Bladder decompensation – due to chronically increased residual volumes (urine retained after voiding), the bladder may become less contractile, lowering flow rates further. Obstruction may lead to dilated ureters and kidney (hydroureter, and hydronephrosis). It may also cause ARF or CRF.




It is important to exclude other causes of bladder outflow obstruction or bladder instability.


·        FBC, U&Es, serum prostate specific antigen (PSA) and urine microscopy and culture are routine.


·        Urodynamics: Maximal urinary flow rates less than 10 mL/second are almost diagnostic of bladder outflow obstruction. Between 10 and 15 mL/second, combined pressure/flow studies may be done to exclude those with other problems, as resection of the prostate in these patients may not relieve symptoms. The disadvantage of the latter, is that urinary catheterisation is required.


·        Bladder scan: This simple scan uses ultrasound to measure the postvoiding residual volume is useful.

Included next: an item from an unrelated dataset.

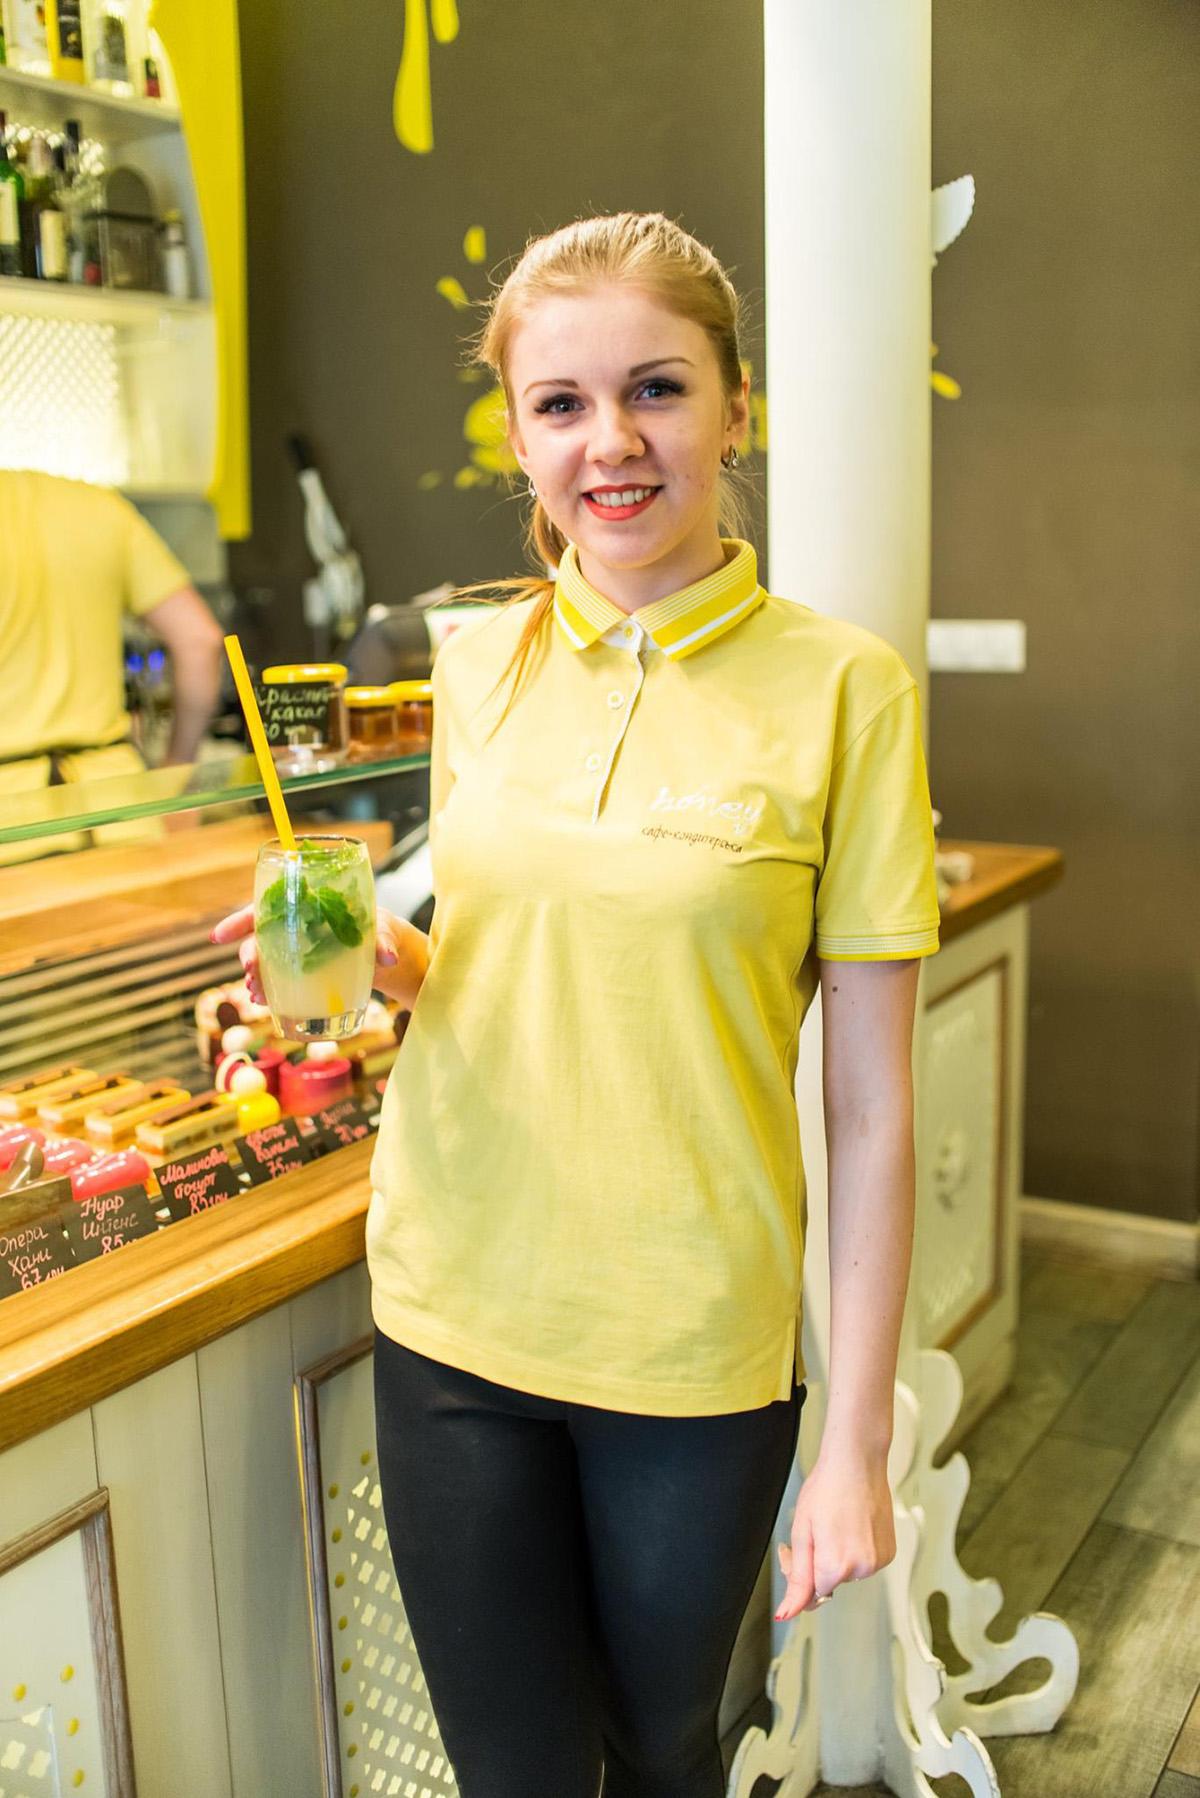 Honey waitress
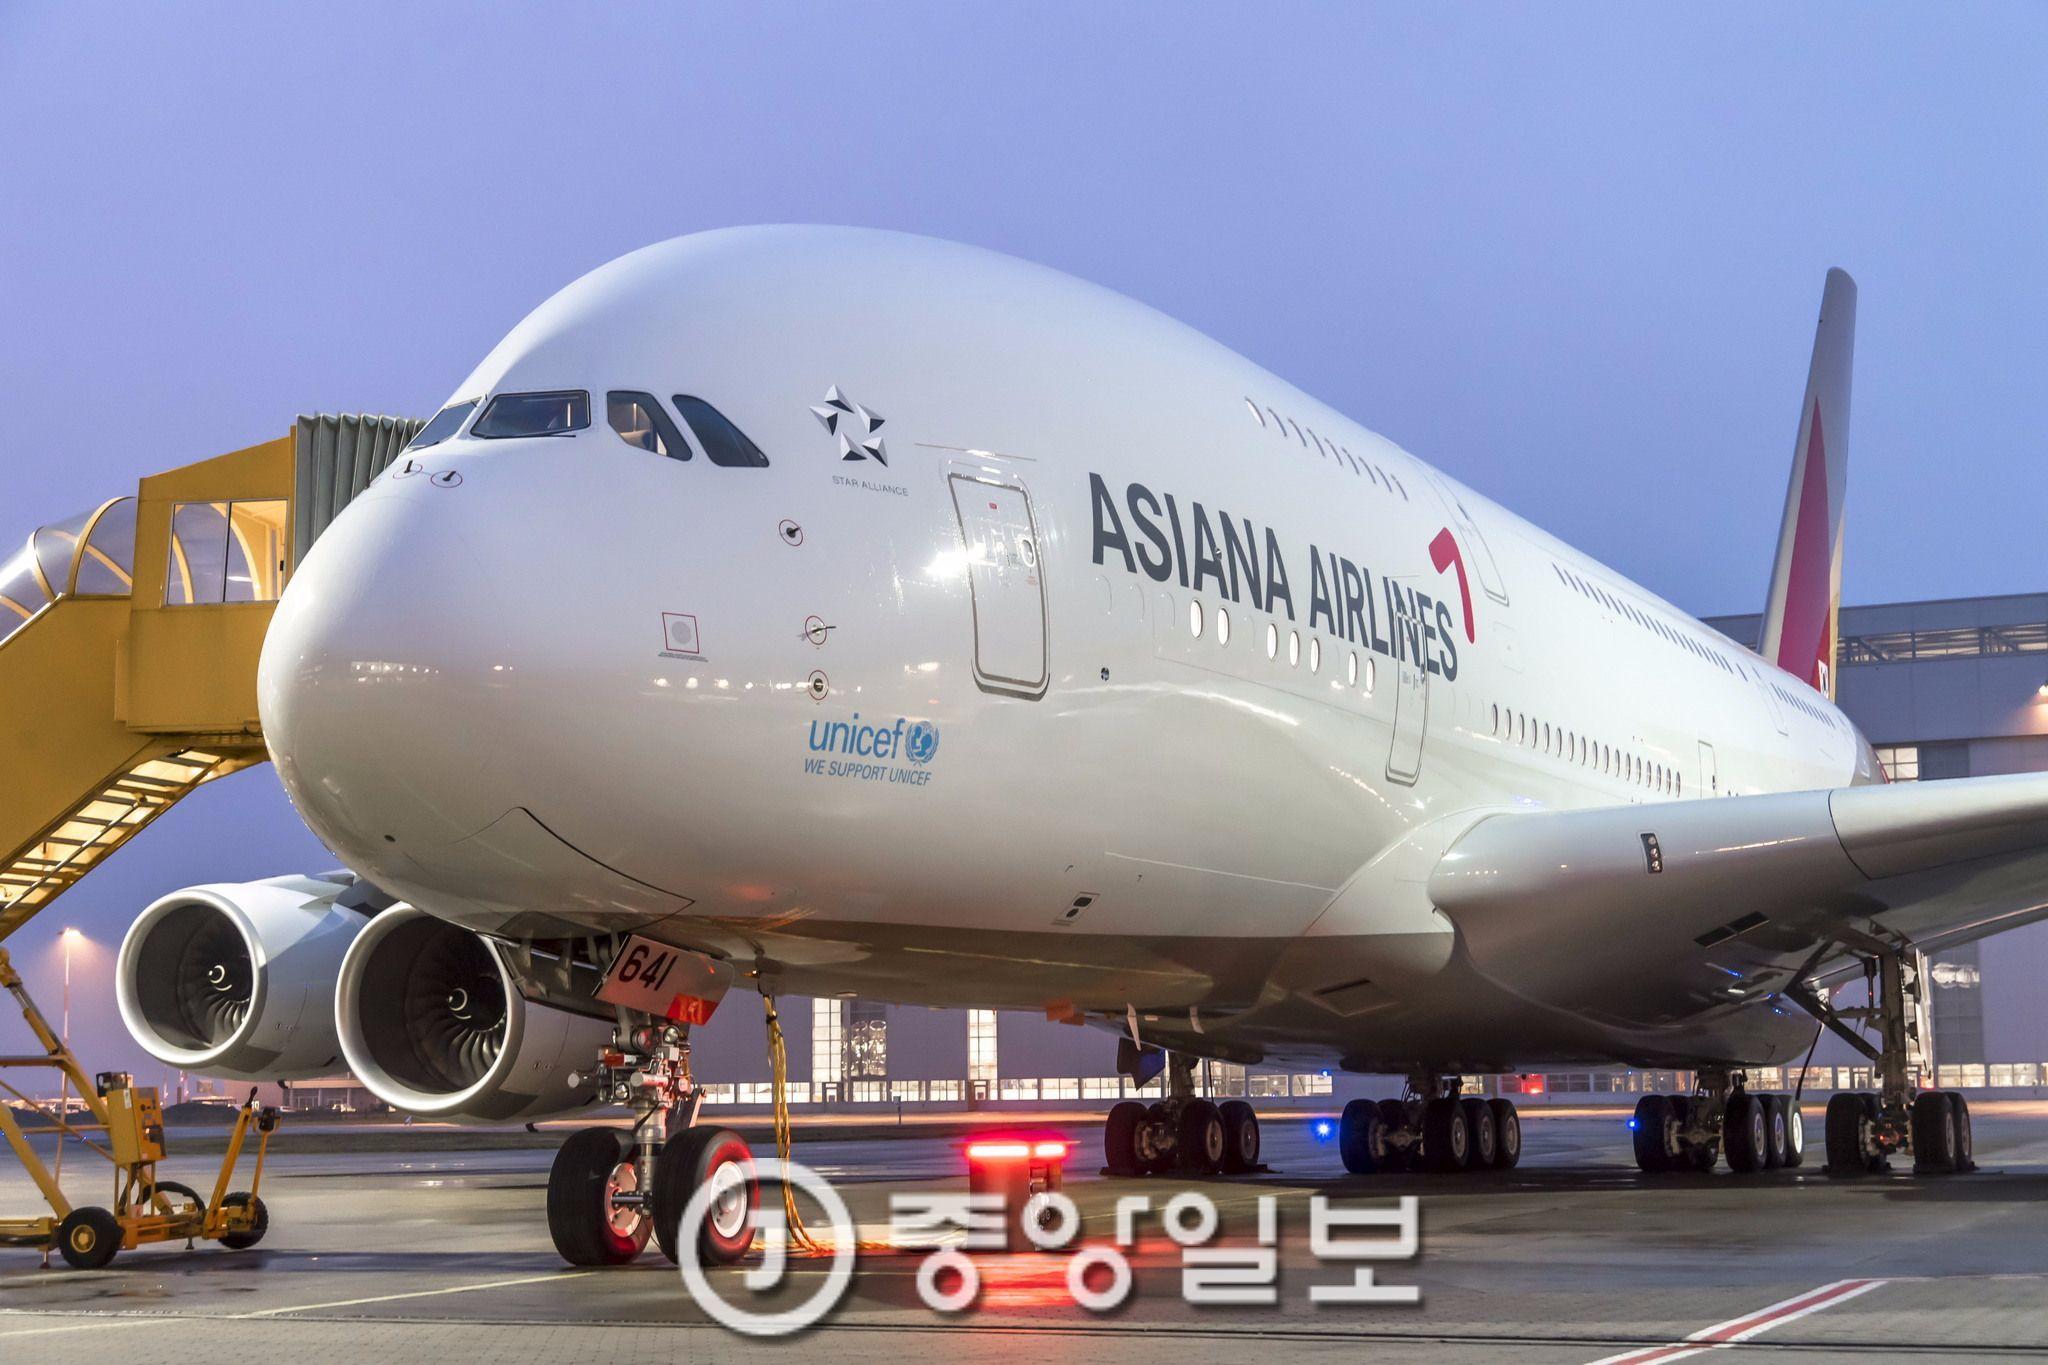 아시아나항공의A380 항공기. A380은 다른 비행기와 함께 있으면 동체가 고래처럼 커 보인다는 의미에서 '고래 제트기(whale jet)'로 불린다.  [사진 아시아나항공]

Patients with a high residual volume are at risk of bladder decompensation and UTIs.


·        If there is evidence of renal impairment, renal USS should be performed to look for hydronephrosis.




In patients with mild symptoms, monitoring may be advised, as symptoms often improve over time. For those with moderate to severe symptoms the choice is between a trial of medical therapy or surgical therapy.


Drugs are aimed at relaxing the contractile component and reducing the volume of the prostate.


·        α-blockers such as doxazosin, terazosin and tamsulosin improve symptoms and bladder outflow rates in 60–90% of patients, but may cause unacceptable hypotension.


·        Finasteride is a 5 alpha reductase inhibitor which in-hibits the conversion of testosterone to dihydrotestosterone. It is also useful, but generally less effective for symptoms than α-blockers. It seems to be more effective in those with very large prostates and its effects may improve with time.


Transurethral resection of the prostate (TURP) has been the standard treatment. The procedure involves removal of prostatic tissue using electrocautery via a resectoscope from within the prostatic urethra, under general or spinal anaethesia. Post-operatively patients require a three-way catheter and continuous bladder irrigation to reduce the risk of clot retention until haematuria is mild.


·        Early complications: Post-op (immediate) haemorrhage, urethral blood clot and urinary retention. Antibiotic prophylaxis is usually given to prevent urinary tract infection. Hypervolaemia and hyponatraemia with a metabolic acidosis may occur (TURP syndrome) due to absorption of irrigating fluid (may be > 1 L).


·        Later  complications  include:  14%  become  impotent, retrograde ejaculation, epididymoorchitis, bladder neck contracture or urethral stricture requiring surgery or dilatation, incontinence. About 20% require further TURP within 10 years.


·        Other options (not widely available) include:


·        Stent which is costeffective in those with a short life-expectancy or temporarily for patients unfit for surgery, e.g. due to recent MI, and has less operative morbidity.


·        Microwave ablation by transurethral catheter (TMT= transurethral microwave thermotherapy) or transrectally.


·        Electrovaporisation utilises electrical energy to vaporise prostatic tissue, with the advantage of no further sloughing of tissue and less bleeding post-procedure.


·        Endoscopic laser may result in less bleeding and shown to be as effective with similar costs to TURP.


·        Radiofrequency ‘needle’ can be used, although further treatment is often required within 5 years.